Would you call this person a friend? Possibly, but not the BFF you call when your spouse is being ridiculous, kind of friend.

This person is more like a trusted mentor than a close personal friend. (And that’s how it should be.)

Now, for the more important question: Did he train you?

Let’s take it a step further: Did he inspire you into your best work?

Surprise: You are a leader!

Through Preceptor Pro, we’re going to show you how to be like the second coach.

Our goal is to provide a structure for creating this atmosphere and relationship dynamics that enable authentic learning to thrive.

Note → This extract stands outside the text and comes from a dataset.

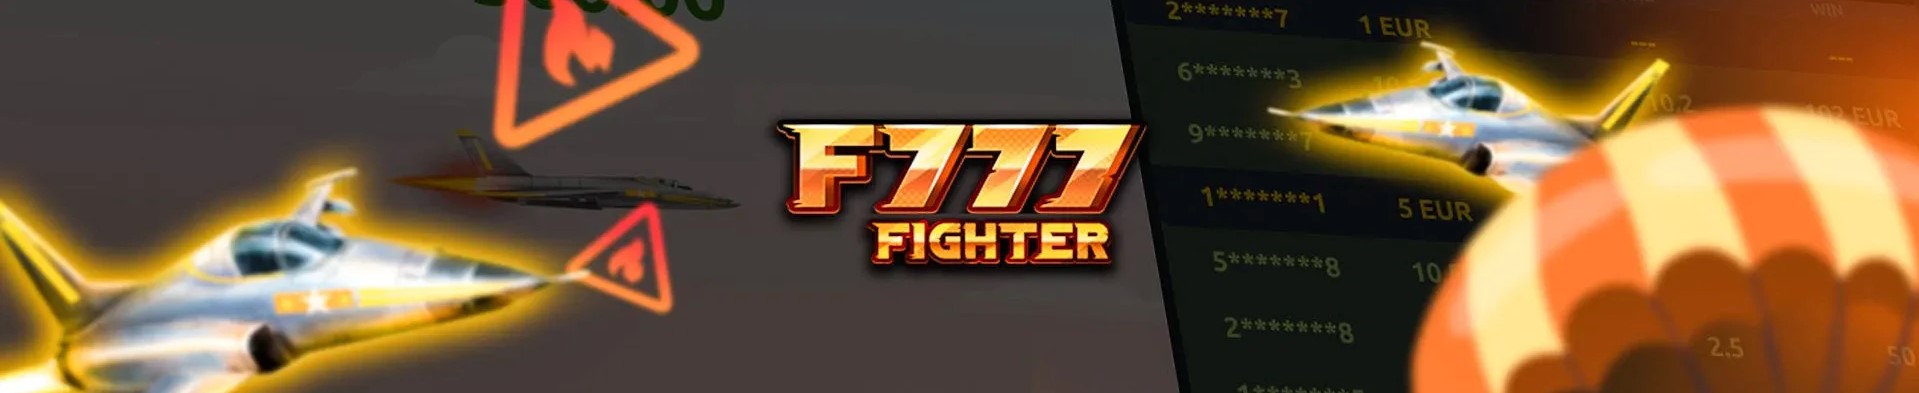 F777 fighter રમત.

“Structure is essential in building anything that thrives.”

– Dr. Henry Cloud

Naturally, the only way to become a coach as effective as the one previously described, there’s going to be a lot of uncomfortable conversations. There will also be many times when you see the importance of something, but they don’t yet see the value in it. Some people hate being corrected. Some people are so nervous and scared that they won’t take any initiative at all. You may also have someone who struggles deeply with impostor syndrome, and every single misstep is like the end of the world to them.

Our job is to fully assess the person we’re assigned to train and where they truly are (not where we think they should be or where they’re pretending to be), tailor our techniques to meet their needs, and get the best work out of them.

Good leaders are keenly aware of the mindset and psychology of those they are leading. We invest time into learning that person and what motivates them, what makes them shut down, and more. It’s not being rigid about how you go about things and expecting the new hire to cater to your needs. It’s the other way around. That’s how you get the best out of people.

At the end of the day, what we want is a reliable teammate. That person we can put in the game and trust they’re going to (at minimum) perform to the degree that’s not going to sabotage our team effort and the progress we’re making. If we’re up by 10, we can’t put someone in who will be lazy on defense and let the other team take the lead. We’ve got to coach them into becoming reliable, who doesn’t need constant hand-holding, and with the right encouragement and challenge, someone who will rise to the occasion and become a valuable member of the team who pushes us forward to more wins. We want that person whom we can put into the game, and they’re going to not only make it, so we don’t lose the lead, but build even more onto it.

That’s the difference between mediocrity and greatness.

This work is not only a service to that individual but your unit as a whole.

My encouragement: View each new employee you’re training as a valuable and sacred opportunity to coach the next game-changer in your unit.